Measuring the cosmic expansion rate primarily involves determining velocity and distance. Astronomers employ two methods to measure distances: the first utilizes “standard rulers,” which are objects with a known length. Scientists observe how large these objects appear in the sky. These objects can be features in cosmic background radiation or the distribution of galaxies in the universe.
The second method relies on “standard candles,” which are objects with known luminosity. Scientists measure their distances from Earth by assessing their apparent brightness. By connecting these distances with those of farther, brighter objects, astronomers establish a measurement chain known as the “cosmic distance ladder.” Interestingly, gravitational waves themselves can contribute to measuring cosmic expansion. The energy released during the collision of neutron stars or black holes can be used to estimate the distance to these objects.
Nerella and his co-authors propose a method that falls into the second class of distance measurement techniques, but with a unique twist involving gravitational lensing. Gravitational lensing occurs when massive objects distort the fabric of spacetime, causing waves passing near them to bend. In rare cases, this lensing effect can create multiple copies of the same gravitational wave signal reaching Earth at different times. By studying the time delays between these multiple imaged events, the researchers believe they can calculate the expansion rate of the universe.

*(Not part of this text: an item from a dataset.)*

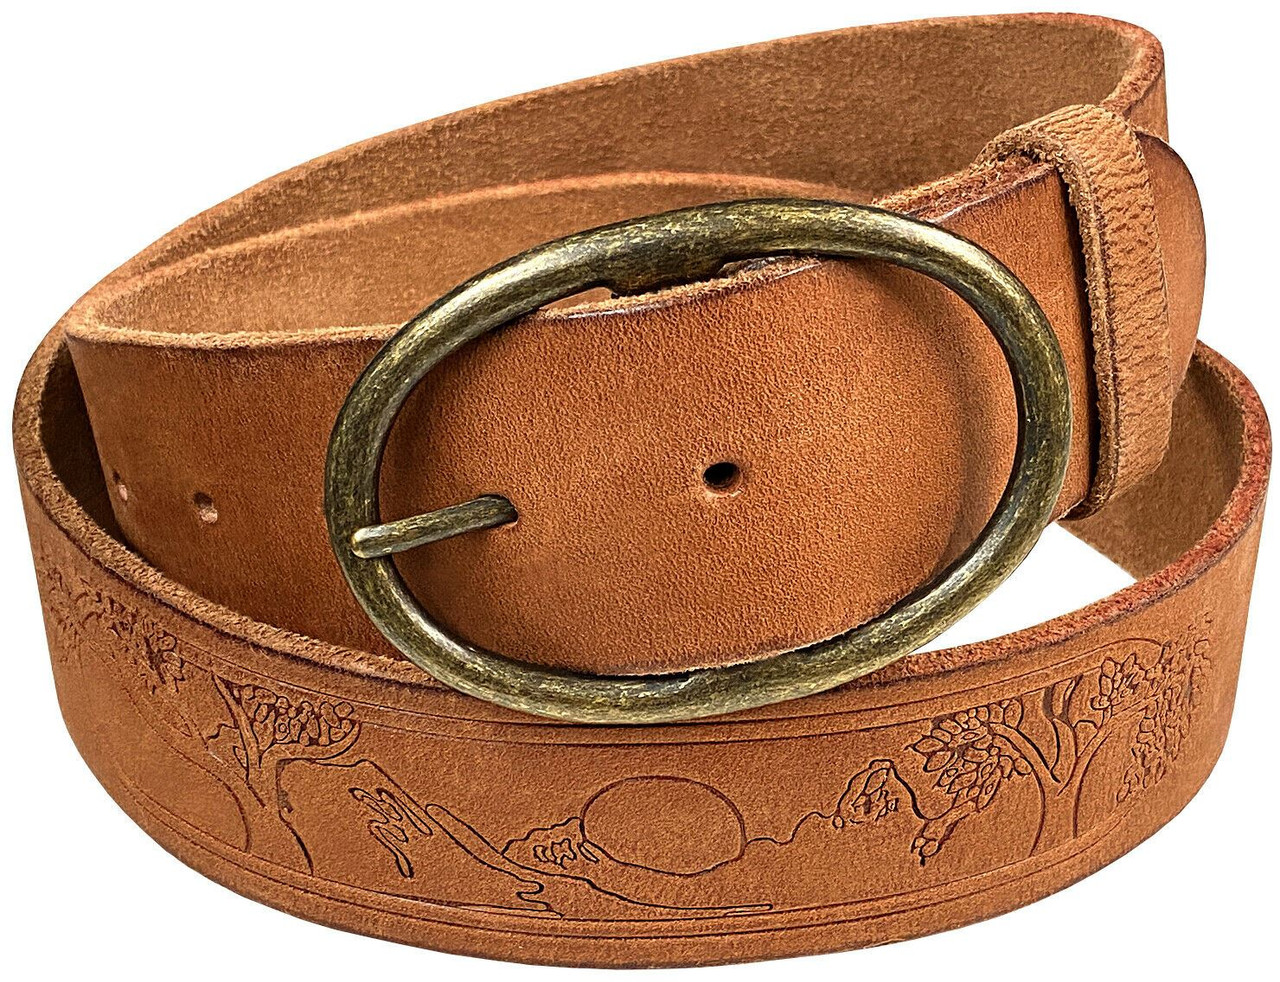 HIDE & SKIN Full Grain Genuine Leather Belt for Men, Belt for men leather, Formal Belt, Trouser Belt, Adjustable Free size fits 28-40 inches

The proposed method takes advantage of binary black holes as the sources of these gravitational wave signals. Binary black holes are systems in which two black holes orbit each other and eventually merge, releasing tremendous amounts of gravitational wave energy. While strongly lensed examples of these signals have not been detected yet, the upcoming generation of ground-based detectors is expected to possess the required sensitivity.
The researchers anticipate that the advanced detectors, which are expected to be operational in the next decade, will detect signals from millions of binary black hole pairs. Among these, around 10,000 pairs are estimated to appear multiple times in the same detector due to gravitational lensing. By analyzing the distribution of time delays between these repeated appearances, the Hubble expansion rate can be derived.
Unlike other measurement methods, this approach does not rely on precisely knowing the locations or distances to these binary black holes. The key requirement is accurately identifying a significant number of these lensed signals. Additionally, the observations of lensed gravitational waves could offer insights into other cosmological questions, including the nature of dark matter, which constitutes a significant portion of the universe’s energy content.
Lead author Souvik Jana emphasizes that this method provides complementary sources of error compared to existing techniques, making it a valuable discriminator. The researchers are hopeful that within the next few years, the first observations of lensed gravitational waves will be made, thanks to the increased sensitivity of future detectors. These advancements are expected to extend our ability to explore the universe and detect weaker signals from farther distances.